Detailed Description of the Invention

[0001]

BACKGROUND OF THE INVENTION 1. Field of the Invention The present invention relates to a container transportation method for a liquid filling and packaging line and an apparatus for synchronous control of bottle processing.

[0002]

2. Description of the Related Art FIG. 7 shows an example of a conventional bottling line.
In FIG. 7, reference numeral 3 is an orderer for taking out, for example, a washed empty bottle 2 from the box 1, 4 is an aligning device for carrying the taken out bottles 2 and arranging the bottles 2 in a line, and 5 is an aligned bottle. 2 is a bottling machine for filling the liquid, 6 is a capper for capping the filled bottle 2, 7 is a case packer for packing the bottle 2 in the box 1, 8 is a case packer for empty boxes discharged from the caser 3 It is a box conveyor for carrying, and the bottling line requires various kinds of equipment such as a conveyor for connecting the various equipment and a large number of operating personnel in addition to these various equipment.

That is, along the flow of the bottle 2, on the line, there is an uncaster 3 → conveyor → aligning device 4 → conveyor 9 →
Each device of the bottling machine 5-> capper 6-> conveyor 10-> case packer 7 is required, and the empty box 1 discharged by the answerer 3 along the flow of the box 1 is a long box conveyor until it is packed by the case packer 7. It is necessary to carry with 8.
In addition, each device, an answerer 3, a bottling machine 5, a capper 6,
Since the distance between each device such as the case packer 7 is long, it is impossible for one operator to monitor and operate, and an operator is always required for each device. More specifically, in the conventional method, each function is performed by each dedicated machine (for example, an answerer for taking out a bottle from a box), and its operation is not linked with other machines.
Each machine does it independently. For example, the caser 3 is in continuous motion, the bottling machine 5 is in continuous motion,
Since the case packer 7 covers the movement by intermittent motion, a conveyor is inevitably required between each machine.

[0006] The caser 3 and the case packer 7 process a prescribed number of containers at the same time, but the bottling machine 5 processes one container at a time, so that before the containers of the bottling machine 5 are supplied. As a process, the aligning device 4 for arranging the containers in one line is required, and in front of the case packer 7, an aligning device for arranging the containers of one example conveyed by the conveyor 10 in multiple lines is required.

In this way, the machines are connected by the conveyor, and there is a considerable distance between the machines, so that a person who monitors and operates the machines is required. Further, in the conventional method, when the size of the container to be handled is changed, it is necessary to install a device suitable for the container to be handled, the number of devices for that purpose is large, and the switching time is long.

Further, in a conventional bottling line for filling a container with liquid, for example, a plurality of filling machines are provided so as to respond to mixed filling of a plurality of liquids, and a capper is provided so as to be compatible with a capping method such as a crown or a screw stopper. A plurality of units are arranged, and a required filling machine or a capper is selected according to the type of liquid and the treatment method, and the containers are delivered from the conveyor to the respective devices. As a conventional example thereof, the structure shown in Japanese Utility Model Publication No. 62-23753 is proposed.

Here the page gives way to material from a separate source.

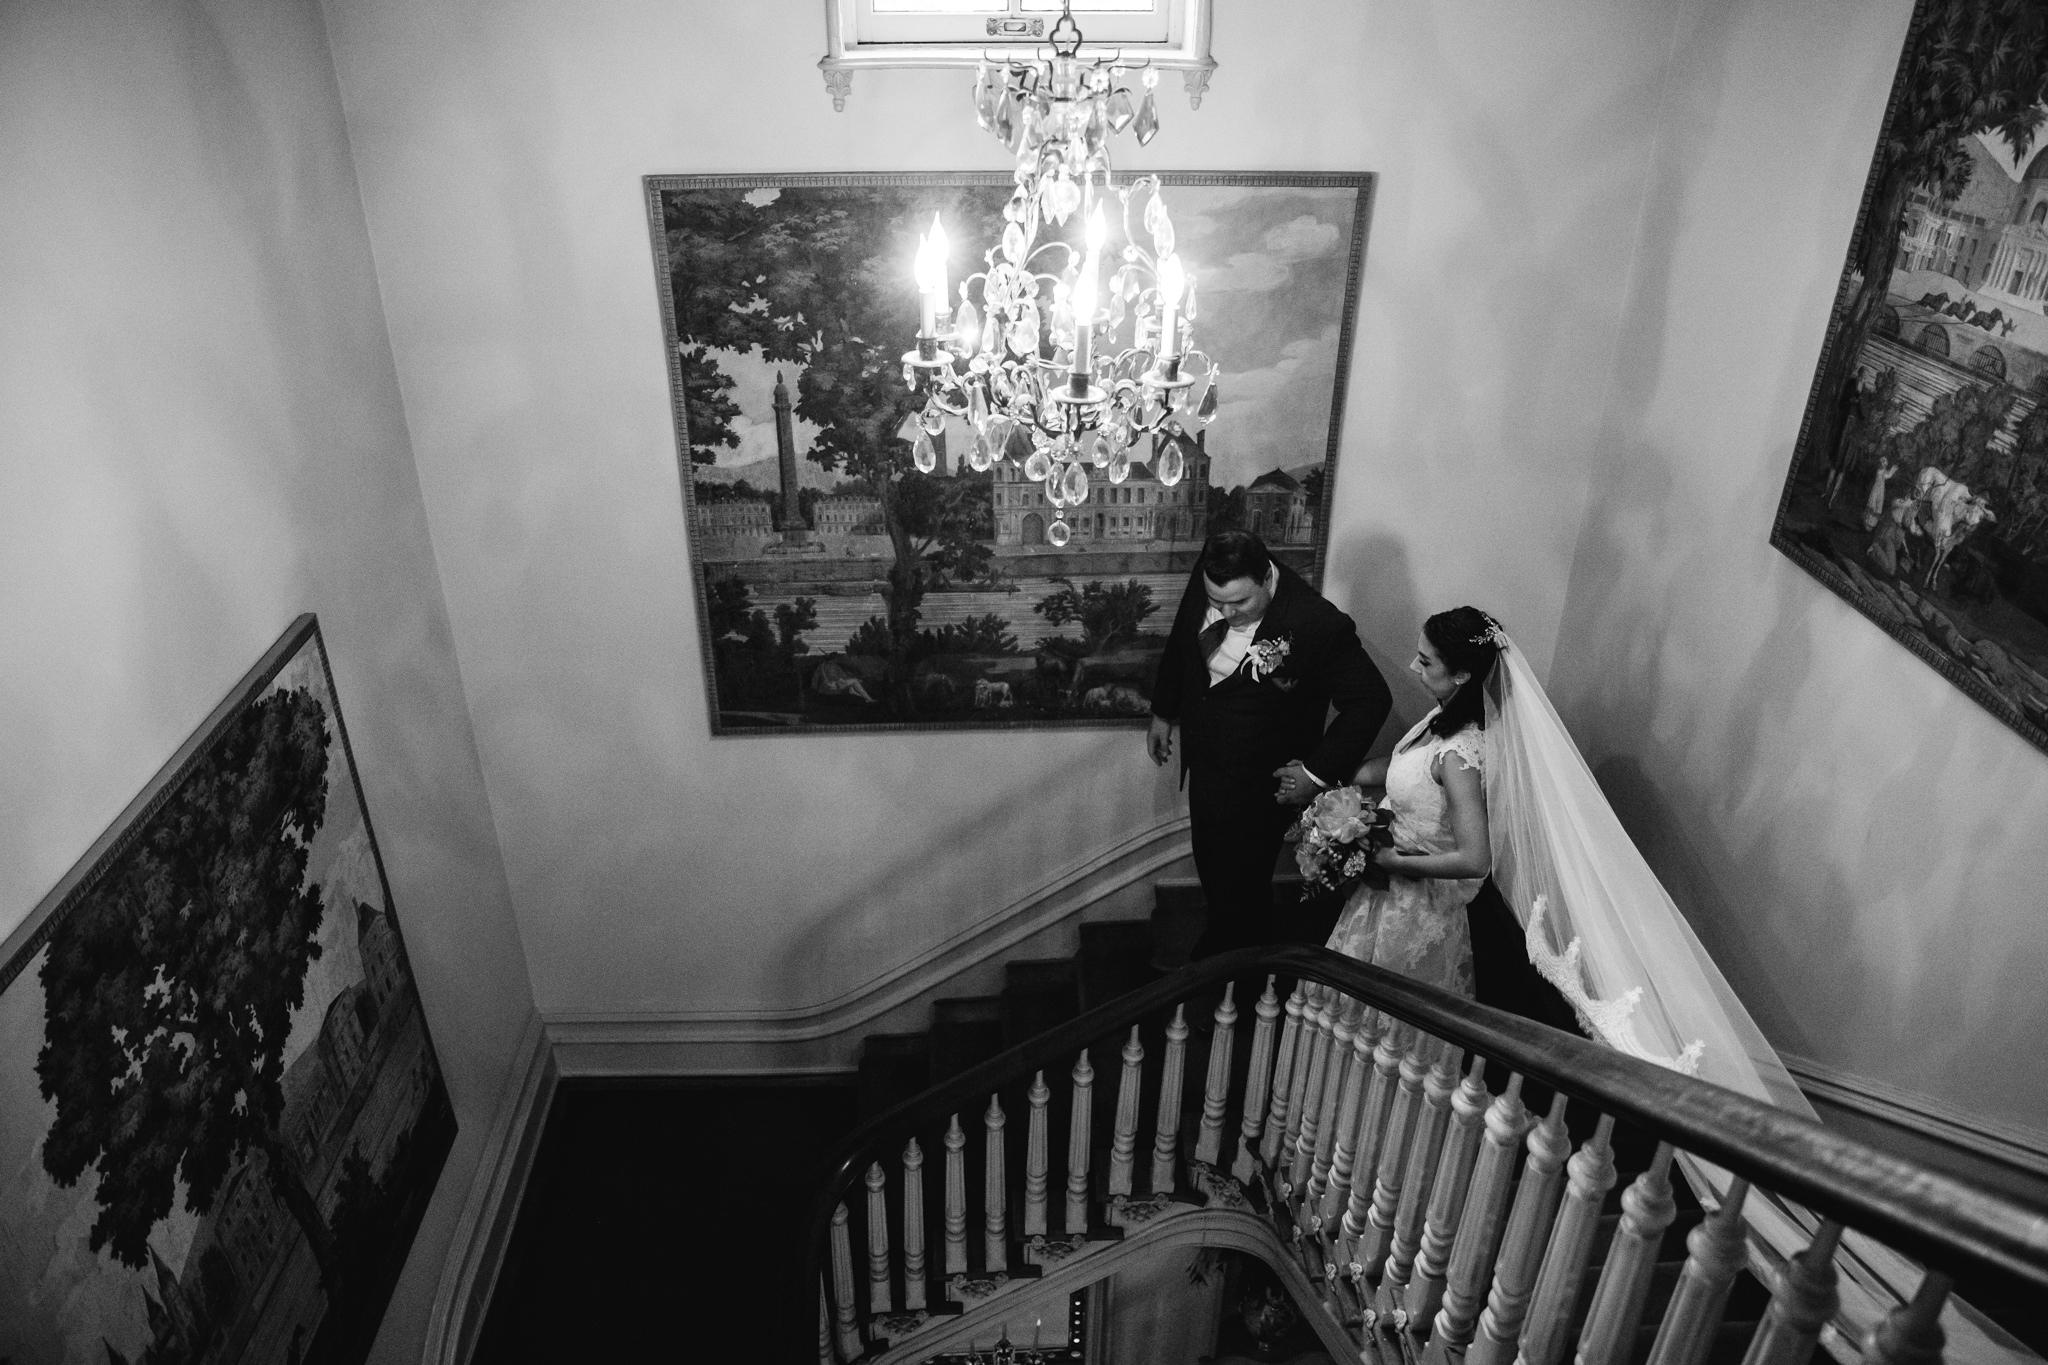 woodruff-fontaine-wedding-venue-memphis-thewarmtharoundyou-brenda-taylor-17.jpg
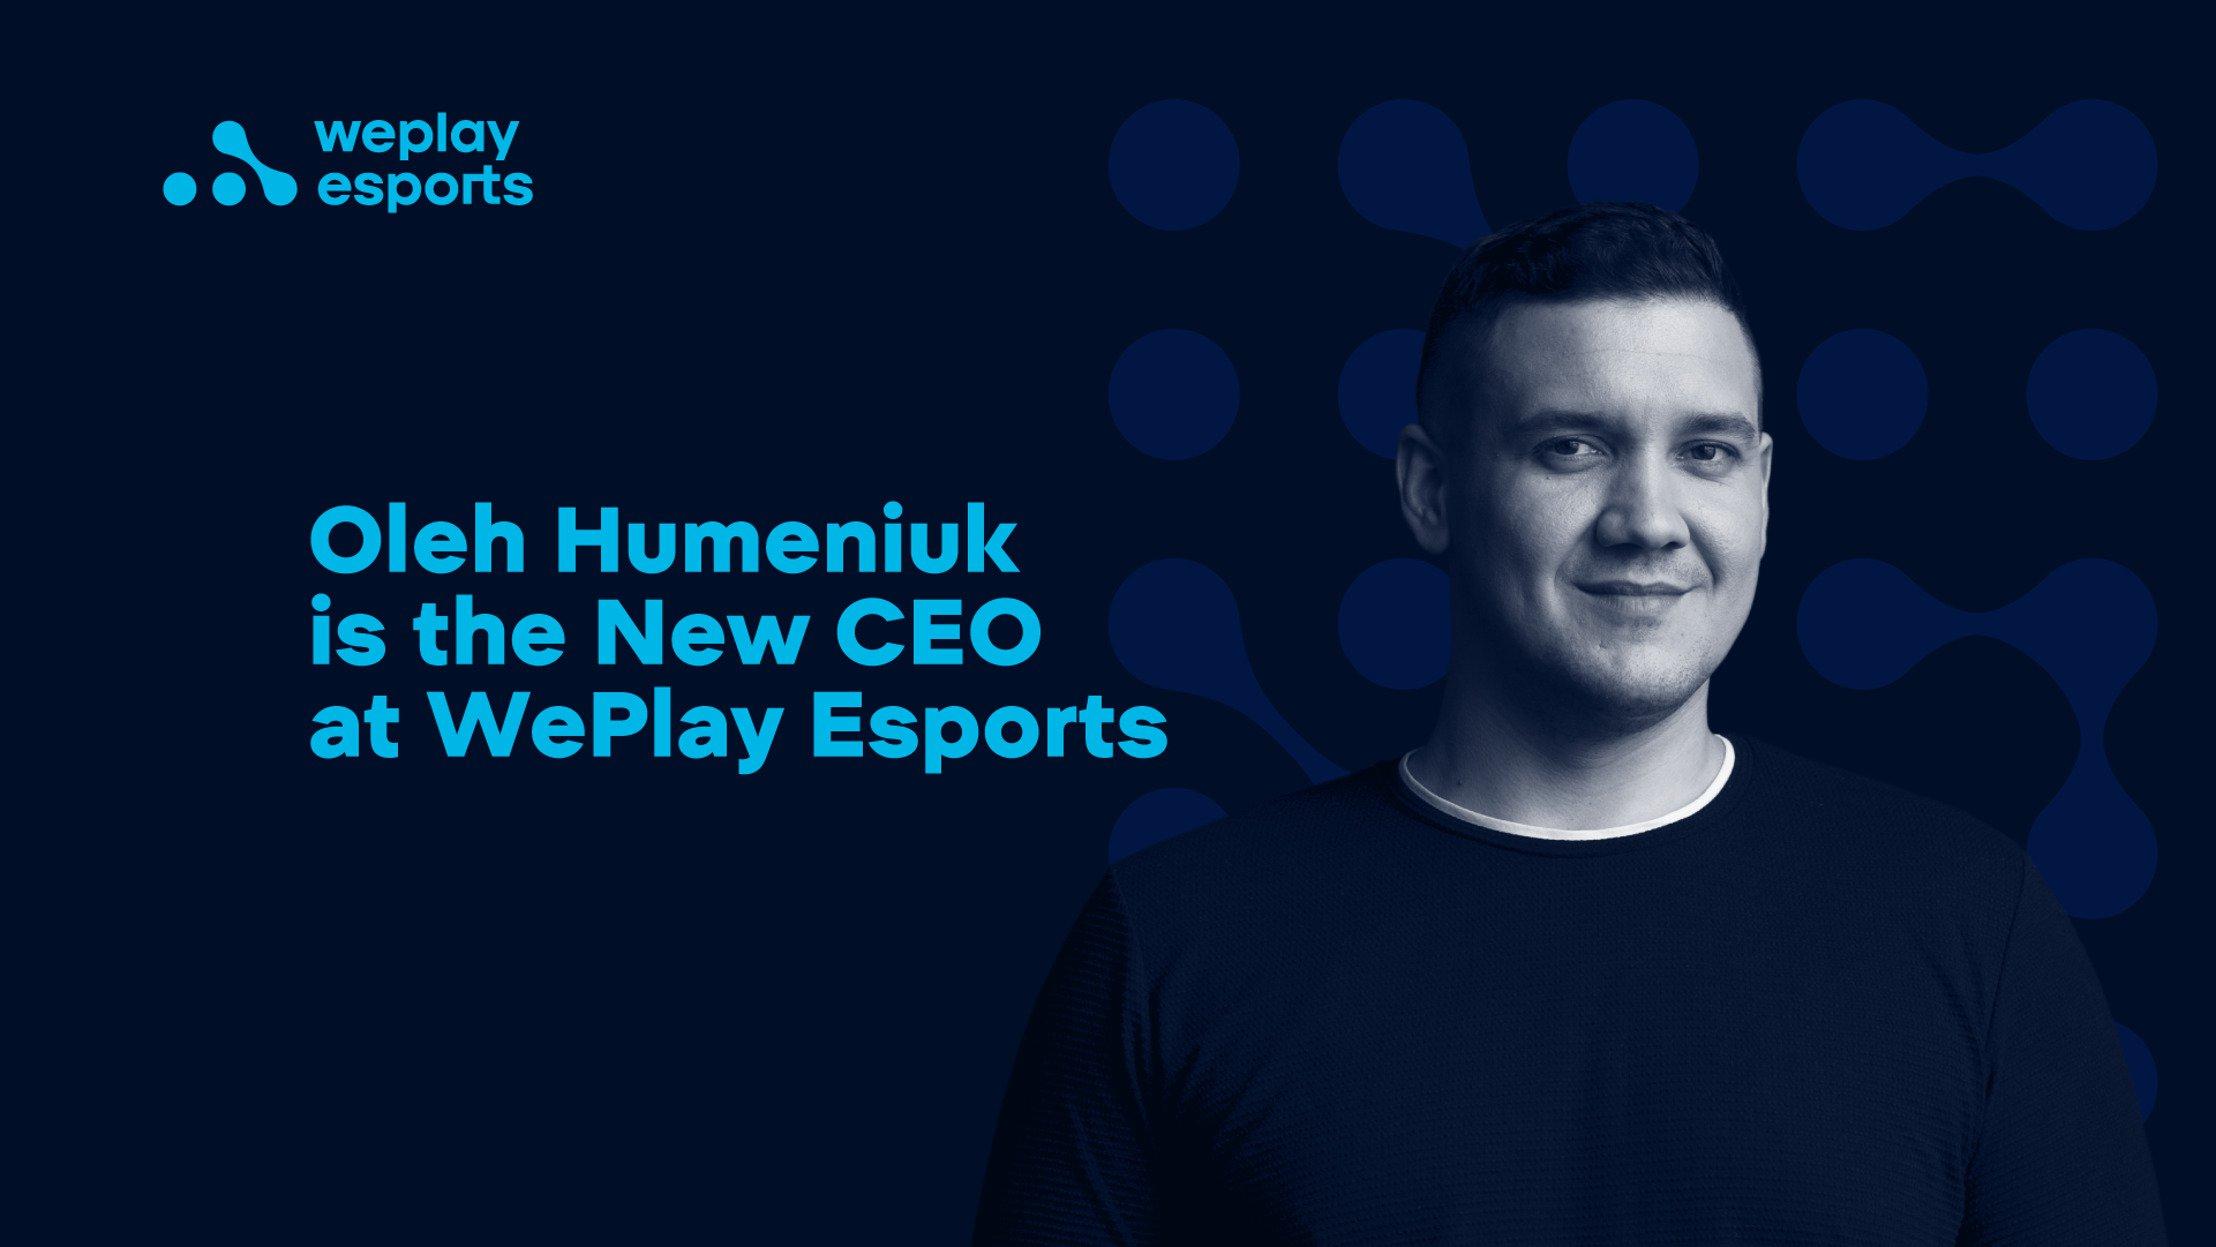 WePlay Esports names a new CEO, Oleh Humeniuk

Explaining this with reference to FIG. 8, the container P conveyed on the conveyor 1 is provided with a star wheel 3 and a container on the introduction side in which the intervals of the containers P are arranged at a constant pitch by the introduction part timing screw 2. Guided to the guide 4 and delivered to the filling machine A, and after being filled with liquid, sent to the next filling machine B by the intermediate star timing screw 6 guided to the discharge side star wheel 5 and the container guide 4 and driven synchronously with the introduction side timing screw 2. It is designed to be used.

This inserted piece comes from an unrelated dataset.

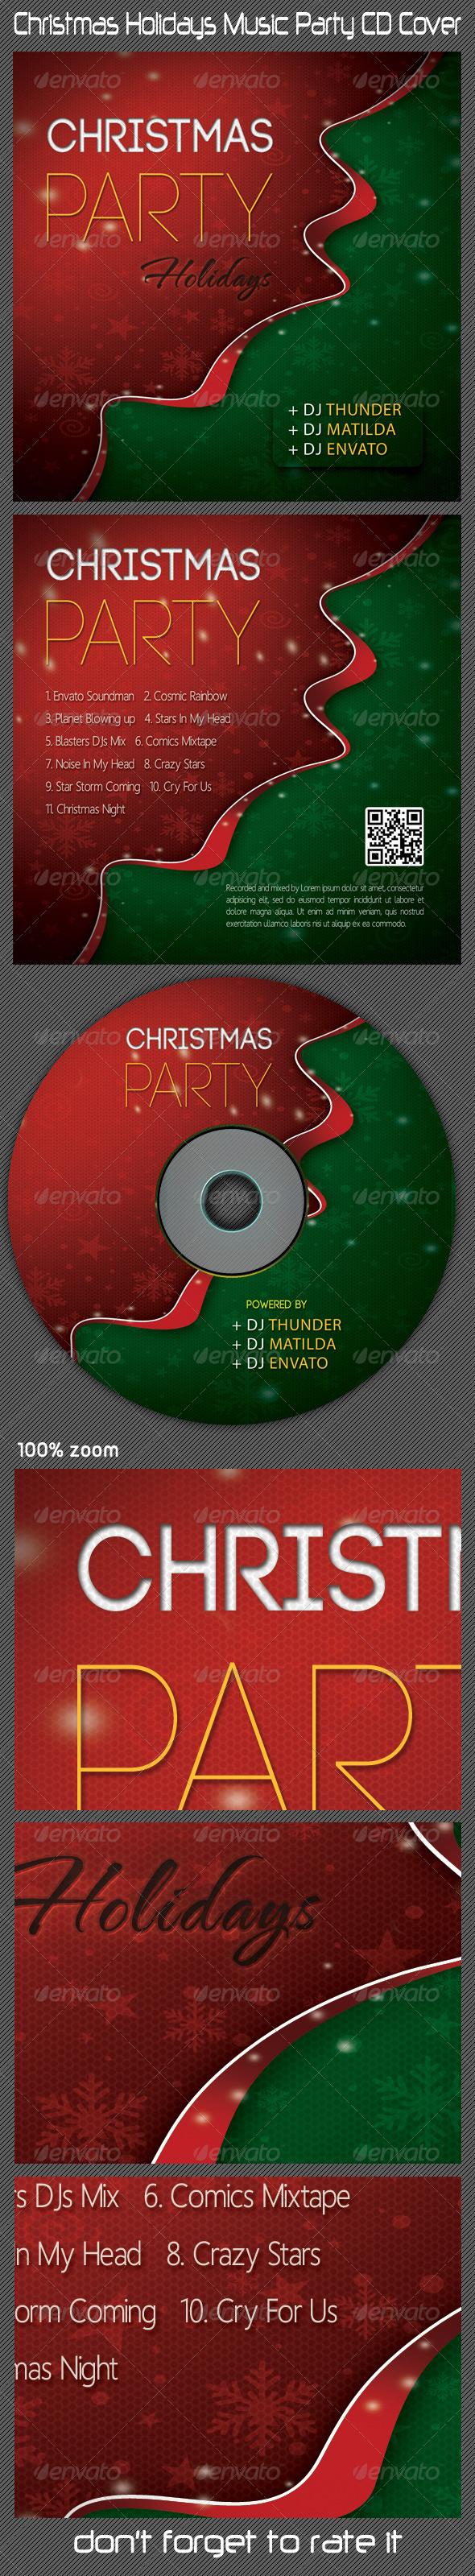 Christmas Holidays Music Party CD Cover - CD & DVD Artwork Print Templates

FIG. 9 shows an example in which the line components described above are slightly modified. FIG. 10 shows a case where the timing screw 2, the connecting screw 14 and the intermediate timing screw 6 are integrated and the filling machine A is not used but only the filling machine B is used. In FIG. 10, the container guide 4 and the star holes 3 and 5 are removed, and the linear guide 15 is attached to eliminate the need for screw replacement.

[0009]

In the conventional bottling line described above, since the bottles on the conveyor are located at random, it is necessary to align the bottles at the entrance of each processing equipment. , At this time, the bottle is forcibly pushed laterally by the bottle guide, causing the bottle to fall, noise, and scratches due to the contact between the bottles. Furthermore, it requires manpower to deal with bottle malfunctions. There are various problems such as many replacement parts (for example, timing screw, star wheel, etc.) and adjustments at many points (for example, bottle guide, etc.) are required when the product is flowed on the line.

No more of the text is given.